3.3. Selected Model Output
CART model was used to identify the relationship between independent variables and dependent variables. CART model repeats the process of bifurcation of each variable to construct a decision tree that enables an interpretation of results that is different from other models. Figure 7 illustrates the relationship between variables used for the CART model. When PO4-P and NH3-N exceed respective levels of 0.0035 and 0.047, the diatom is classified as “Absence”, whereas the combination of conditions of PO4-P over 0.0035, NH3-N less than 0.047, and TN less than 2.3 corresponds also to the “Absence” of diatom. The combination of conditions of PO4-P over 0.0035, NH3-N less than 0.047, and TN over 2.3 corresponds to the “Presence” of diatom, whereas the combination of PO4-P less than 0.0035 and TP less than 0.03 corresponds to the “Absence” of diatom.

The combination of PO4-P less than 0.0035, TP over 0.03, and Temp over 23 corresponds to the “Absence”, whereas the combination of PO4-P less than 0.0035, TP over 0.03, Temp less than 23, and NH3-N over 0.13 corresponds to the “Absence” of diatom.
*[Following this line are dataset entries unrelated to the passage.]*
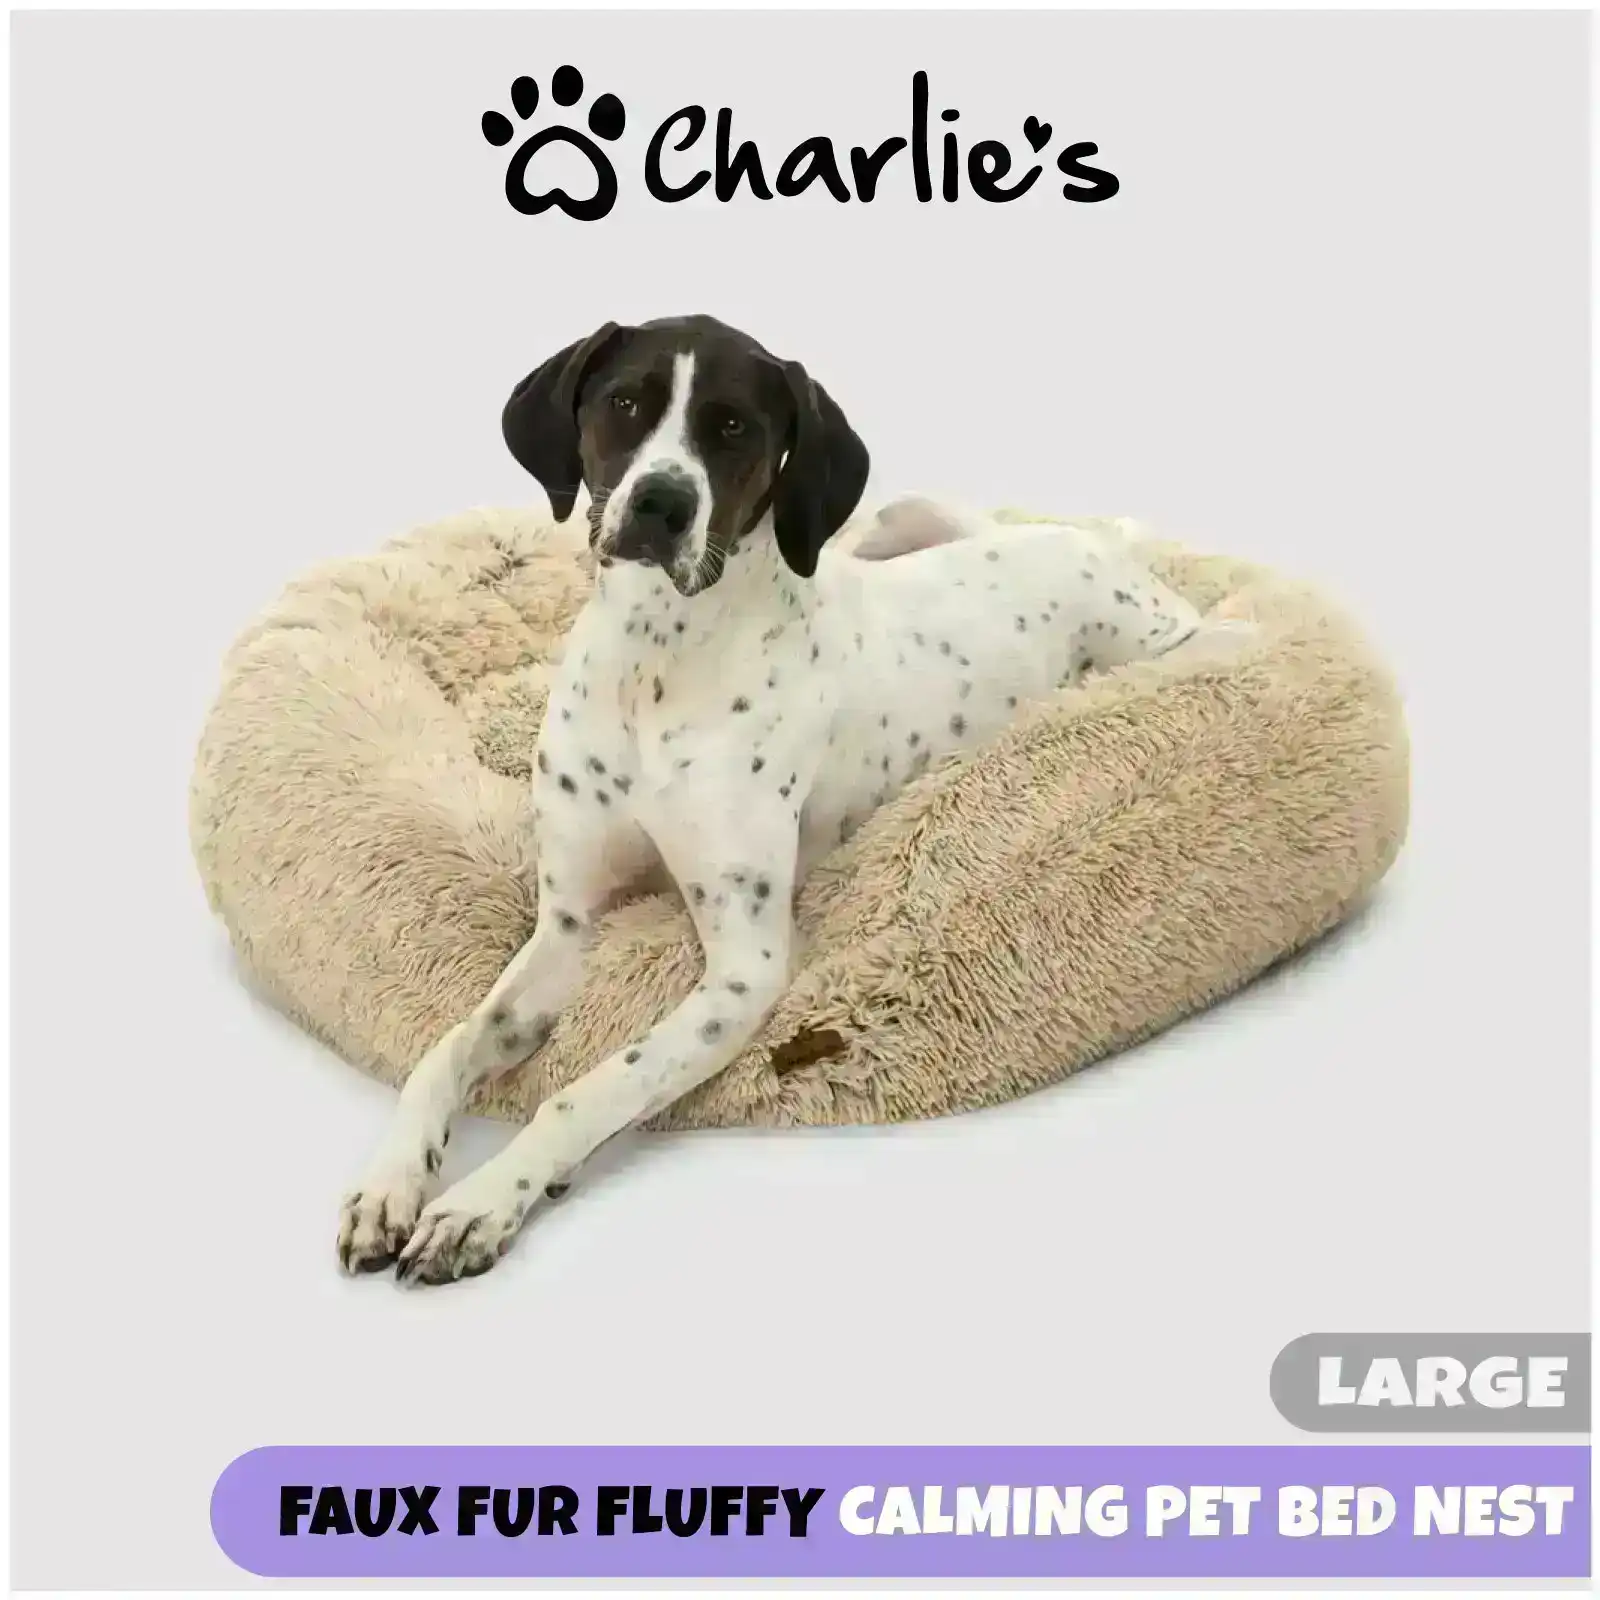 Charlie's Shaggy Faux Fur Donut Calming Pet Nest Bed Cream Chinchilla Large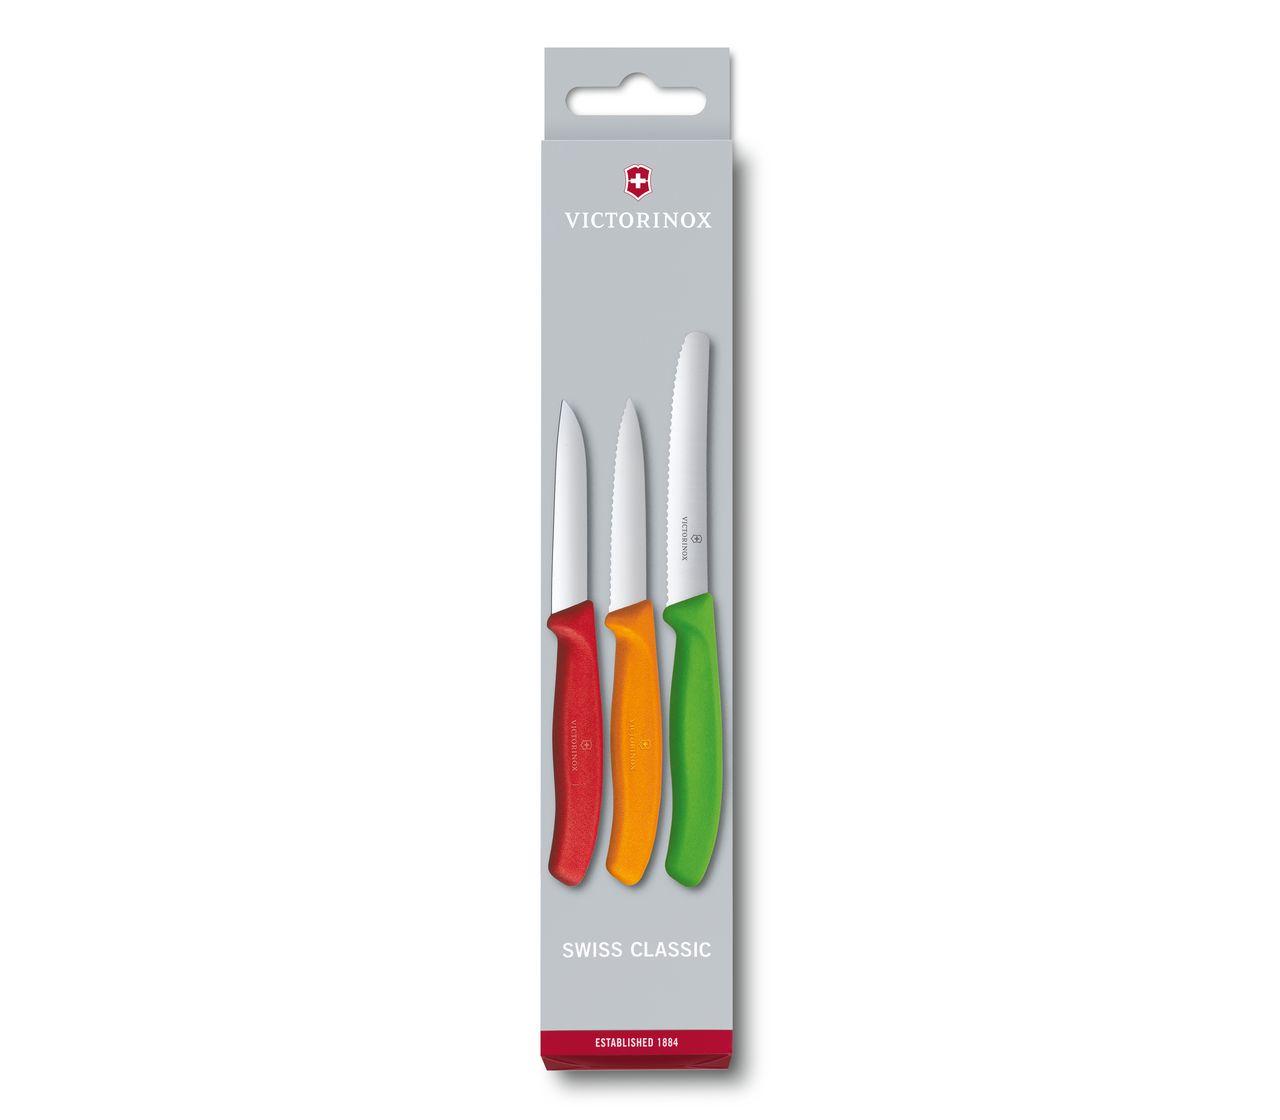 Colored Paring Knives - Set of 3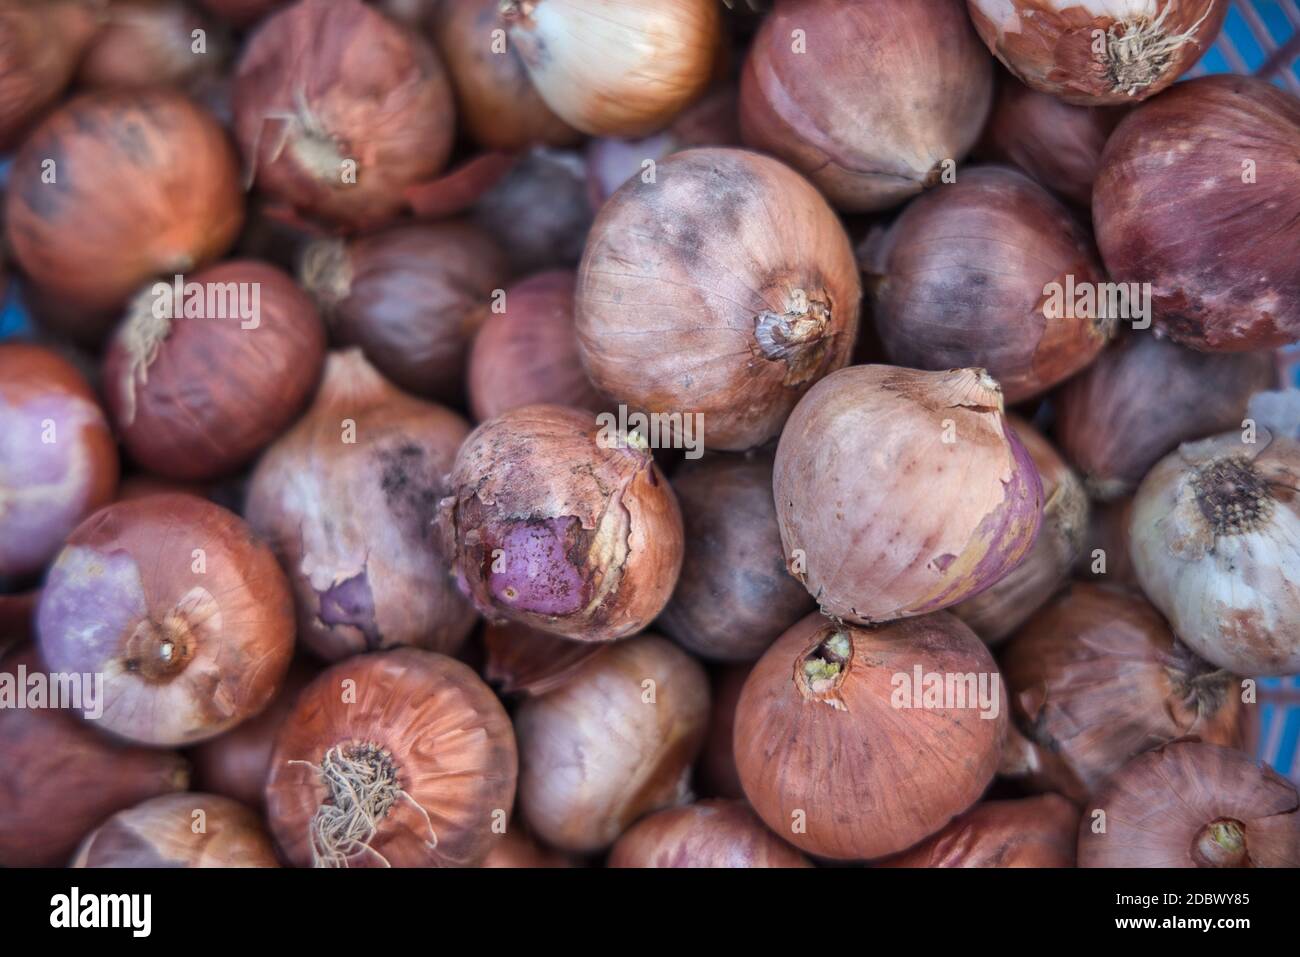 A pile of onions at a market in Hua Hin Thailand stacked and ready for sale. The onions are natural and fresh. Stock Photo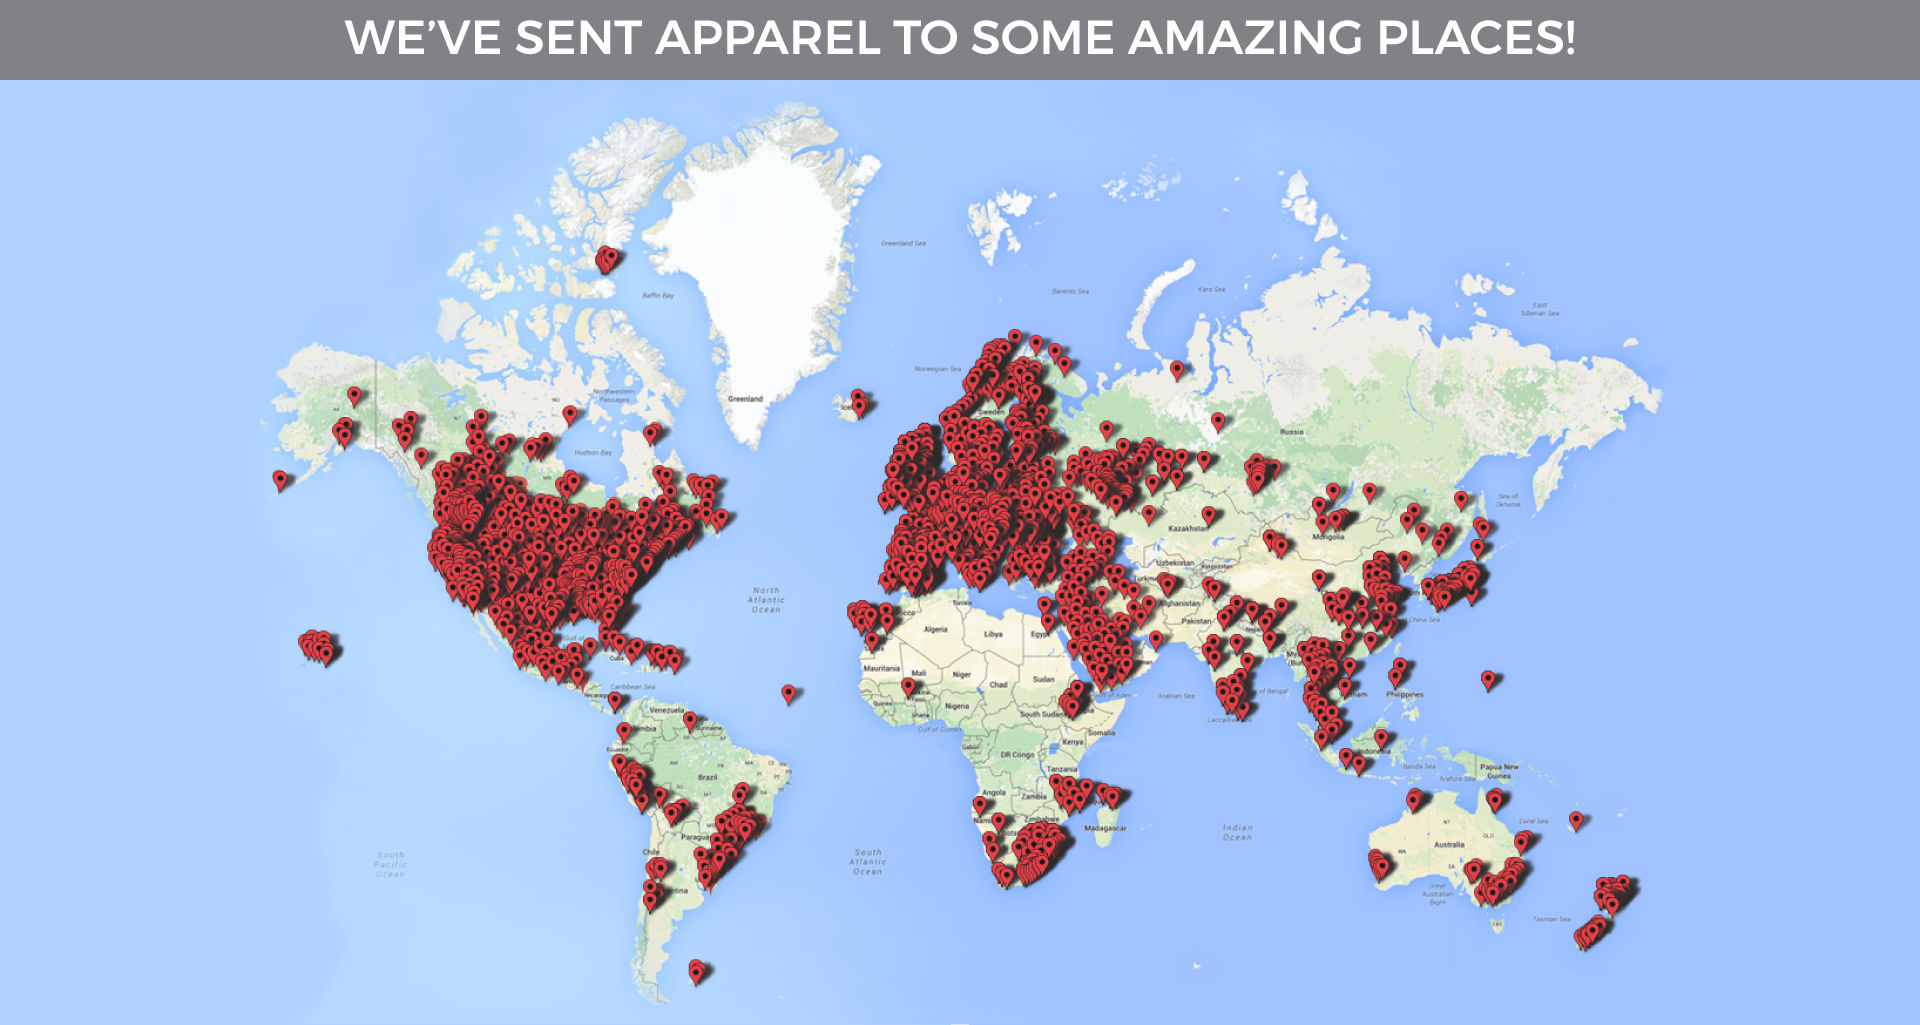 WE'VE SENT APPAREL TO SOME AMAZING PLACES!

Finally, the combination of PO4-P less than 0.0035, TP over 0.03, Temp less than 23, and NH3-N less than 0.13 corresponds to the “Presence” of diatom.
Figure 8 illustrates the structure of independent variables and dependent variables obtained from ANN, in which the thicker lines connecting each node signify greater influence of the nodes to the next nodes. The diatoms, having hidden nodes of 3, 4, and 5, exhibited the highest accuracy.

4. Conclusion
The measurements of water quality obtained from the Haman Weir for Nakdong River were analyzed with the use of various machine learning techniques, such as kNN, CART, ANN, RF, BAG, BOOST, and SVM, to determine factors of water quality that affect the proliferation of diatoms (factors that have influence on the proliferation of freshwater diatoms). Among the machine learning techniques, the ANN and RF rendered the highest accuracy in the prediction of diatom proliferation. As a result of the variable selection, the variables of PO4-P, BOD, NH3-N, and DO were found as common influential variables in the models of Bagging and RF because these variables also occupied higher position in the models of RF and Bagging. Also, the major variables that were selected by Boruta algorithm indicated significant improvement of AUC in the analytic schemes of kNN, ANN, BAG, and SVM.
This study was carried out to find the appropriate techniques that were suitable for the prediction of diatom proliferation among various machine learning techniques, from which the ANN and RF were found as appropriate models for the prediction of diatom proliferation. Since diatoms react sensitively to spatiotemporal changes, further studies that focus on the comparison and analysis of diverse data seem necessary to determine the optimal machine learning schemes that are fit for the prediction of the proliferation of each taxon of algae.
Data Availability
The data used to support the findings of this study are available from the corresponding author upon request.
Conflicts of Interest
The authors declare that they have no conflicts of interest.
Authors’ Contributions
Heesuk Lee and Young-Joo Lee investigated the data. Dae Keun Seo validated the data. Bomi Jeong, Seoksu Hong, Jaehoon Kim, Taekgeun Kim, and Jae-Kyeong Lee analyzed data. Yuna Shin and Tae-Young Heo wrote the original paper. All authors read and approved the final manuscript.
Acknowledgments
This study was performed under the project “A Study on the Characteristics of Algae by the Types of Rivers in Korea (NIER-2018-01-01-034)” by the National Institute of Environmental Research.